L’essai de Dalle construit sur de brefs chapitres clairs et ciselés, se lit avec plaisir ; il est urgent de s’y plonger ; il nous incite à revenir à Guibert ; il nous le rend plus proche ; il le ranime et nous fait comprendre à quel point il a marqué, par sa présence et par ses mots, ceux qu’il a croisés. Il nous interroge : quelle dette avons-nous envers Guibert et des écrivains de sa génération tels Christophe Bourdin, Pascal de Duve, Jean-Baptiste Niel, frappés comme lui par le SIDA ? Qu’ont-ils à nous dire dans la période réactionnaire et néo-puritaine que nous traversons ? En quoi les avons-nous trahis ? En quoi pouvons-nous leur demeurer fidèles, et l’on songera à ce propos à Gilles Sebhan, par exemple, et bien sûr à Philippe Mezescaze ? (3).

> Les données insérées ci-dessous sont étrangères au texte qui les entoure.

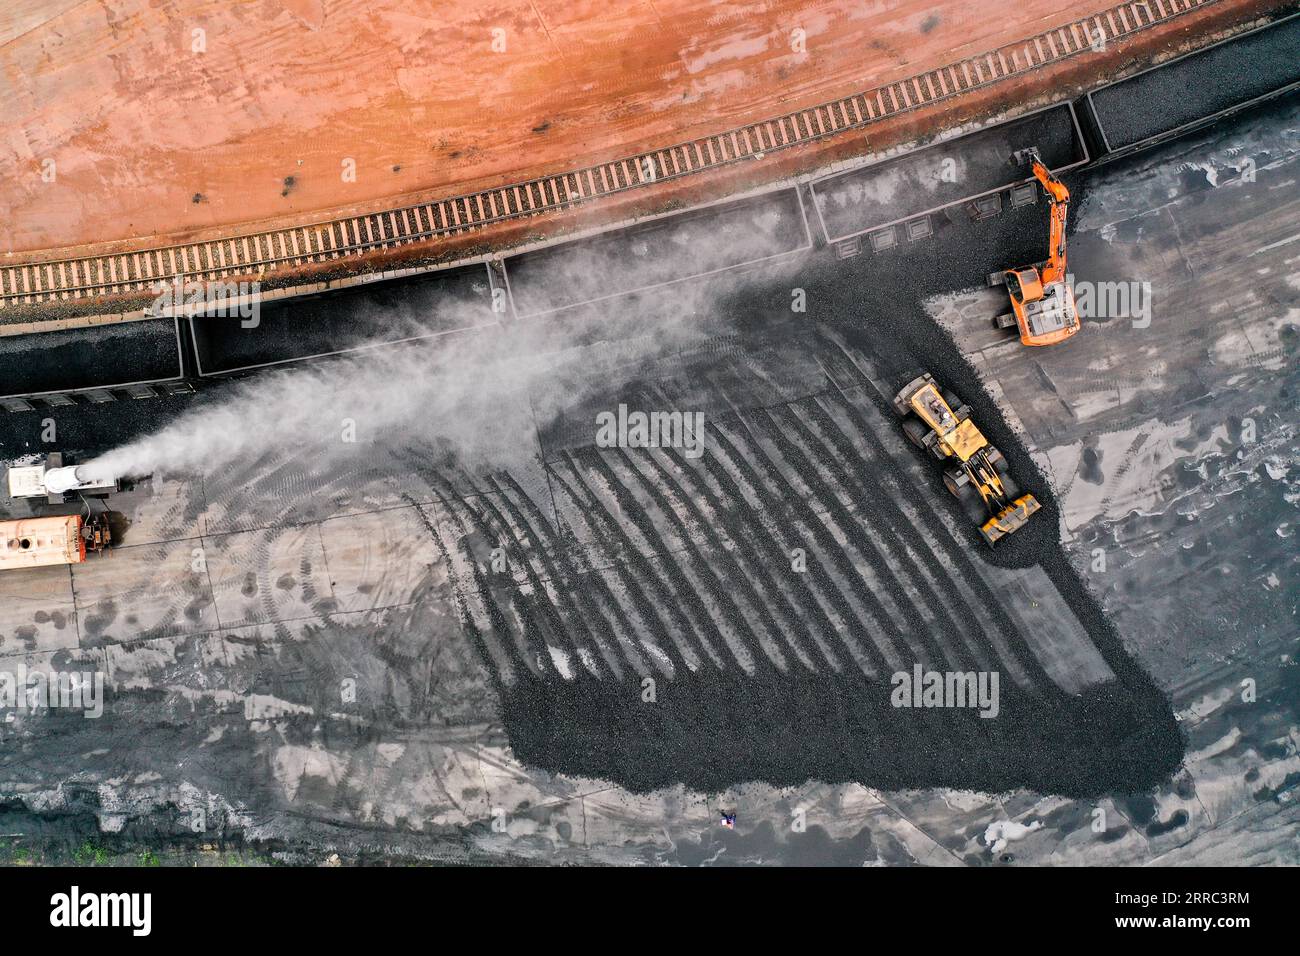 211016 -- QIAN AN, 16. Oktober 2021 -- Luftaufnahme aufgenommen am 16. September 2021 zeigt Transportfahrzeuge, die Koks aus einem Zug unter Staubkontrolle auf einem Logistikhof in Qian an Ctiy, Provinz Hebei, entladen. Qian an in der Provinz Hebei ist ein wichtiger Bezirk in der Stahlindustrie in Nordchina, mit einer großen Nachfrage nach Rohstoffen wie Eisenerz, Kohle und Koks. Um die Umweltverschmutzung und die Verkehrsüberlastung durch den Straßentransport von Massengütern zu verringern, wurden spezielle Eisenbahnlinien für wichtige Eisen- und Stahlunternehmen im Rahmen eines Road-to-Rail-Systems gebaut, das die Straßenverkehrsinfrastruktur erleichtert Stockfoto

Maxime Dalle, né en 1989, a dirigé deux revues, Raskar Kapac et Phalanstère, audacieuses autant qu’élégantes et éclectiques, qui ont remis en lumière certains infréquentables (Mishima, Monfreid, Augiéras, Hocquenghem, justement). Avec Dans les braises d’Hervé Guibert, il rend hommage, non sans panache, à un autre de ses « mauvais sujets » favoris, dont grâce à lui la trace continue de brûler.
Patrick Abraham
(1) Les Editions de Minuit, 1989
(2) Gallimard, 1987
(3) Lire absolument Deux garçons (Mercure de France, 2014). Mezescaze, né en 1952, fut le premier partenaire amoureux de Guibert à La Rochelle ; dernier roman paru, Les jours voyous (même éditeur, 2021), chroniqué dans cette revue.